**Task to complete**
Everything from the line with "Three Indonesian anthems, Indonesia" through the final line below should be copied out exactly, and nothing else should appear.
--- Data extract Enclosed Below ---
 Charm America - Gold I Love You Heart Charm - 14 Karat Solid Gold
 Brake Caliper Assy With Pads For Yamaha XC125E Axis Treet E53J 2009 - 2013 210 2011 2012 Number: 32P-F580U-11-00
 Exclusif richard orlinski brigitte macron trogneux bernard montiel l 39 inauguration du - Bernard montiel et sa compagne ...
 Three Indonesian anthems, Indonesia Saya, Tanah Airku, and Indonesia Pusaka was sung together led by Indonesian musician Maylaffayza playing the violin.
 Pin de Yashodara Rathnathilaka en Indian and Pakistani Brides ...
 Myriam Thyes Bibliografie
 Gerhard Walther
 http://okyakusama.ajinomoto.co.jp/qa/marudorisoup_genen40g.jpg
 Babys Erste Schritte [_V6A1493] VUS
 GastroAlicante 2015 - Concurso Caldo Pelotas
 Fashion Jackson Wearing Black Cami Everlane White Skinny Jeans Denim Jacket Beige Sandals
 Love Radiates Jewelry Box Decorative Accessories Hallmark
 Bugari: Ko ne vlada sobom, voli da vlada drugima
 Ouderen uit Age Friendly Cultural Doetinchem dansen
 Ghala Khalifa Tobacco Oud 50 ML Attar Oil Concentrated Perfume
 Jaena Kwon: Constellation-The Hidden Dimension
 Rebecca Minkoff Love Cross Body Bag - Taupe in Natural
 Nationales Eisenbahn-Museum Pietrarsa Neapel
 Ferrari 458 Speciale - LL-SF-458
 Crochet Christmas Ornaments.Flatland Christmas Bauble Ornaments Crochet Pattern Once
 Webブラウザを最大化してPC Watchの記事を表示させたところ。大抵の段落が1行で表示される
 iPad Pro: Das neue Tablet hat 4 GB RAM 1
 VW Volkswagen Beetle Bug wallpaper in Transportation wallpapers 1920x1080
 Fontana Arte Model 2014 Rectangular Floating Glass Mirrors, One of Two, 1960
--- End of Enclosed Data extract ---
**Problem solution**
 Three Indonesian anthems, Indonesia Saya, Tanah Airku, and Indonesia Pusaka was sung together led by Indonesian musician Maylaffayza playing the violin.
 Pin de Yashodara Rathnathilaka en Indian and Pakistani Brides ...
 Myriam Thyes Bibliografie
 Gerhard Walther
 http://okyakusama.ajinomoto.co.jp/qa/marudorisoup_genen40g.jpg
 Babys Erste Schritte [_V6A1493] VUS
 GastroAlicante 2015 - Concurso Caldo Pelotas
 Fashion Jackson Wearing Black Cami Everlane White Skinny Jeans Denim Jacket Beige Sandals
 Love Radiates Jewelry Box Decorative Accessories Hallmark
 Bugari: Ko ne vlada sobom, voli da vlada drugima
 Ouderen uit Age Friendly Cultural Doetinchem dansen
 Ghala Khalifa Tobacco Oud 50 ML Attar Oil Concentrated Perfume
 Jaena Kwon: Constellation-The Hidden Dimension
 Rebecca Minkoff Love Cross Body Bag - Taupe in Natural
 Nationales Eisenbahn-Museum Pietrarsa Neapel
 Ferrari 458 Speciale - LL-SF-458
 Crochet Christmas Ornaments.Flatland Christmas Bauble Ornaments Crochet Pattern Once
 Webブラウザを最大化してPC Watchの記事を表示させたところ。大抵の段落が1行で表示される
 iPad Pro: Das neue Tablet hat 4 GB RAM 1
 VW Volkswagen Beetle Bug wallpaper in Transportation wallpapers 1920x1080
 Fontana Arte Model 2014 Rectangular Floating Glass Mirrors, One of Two, 1960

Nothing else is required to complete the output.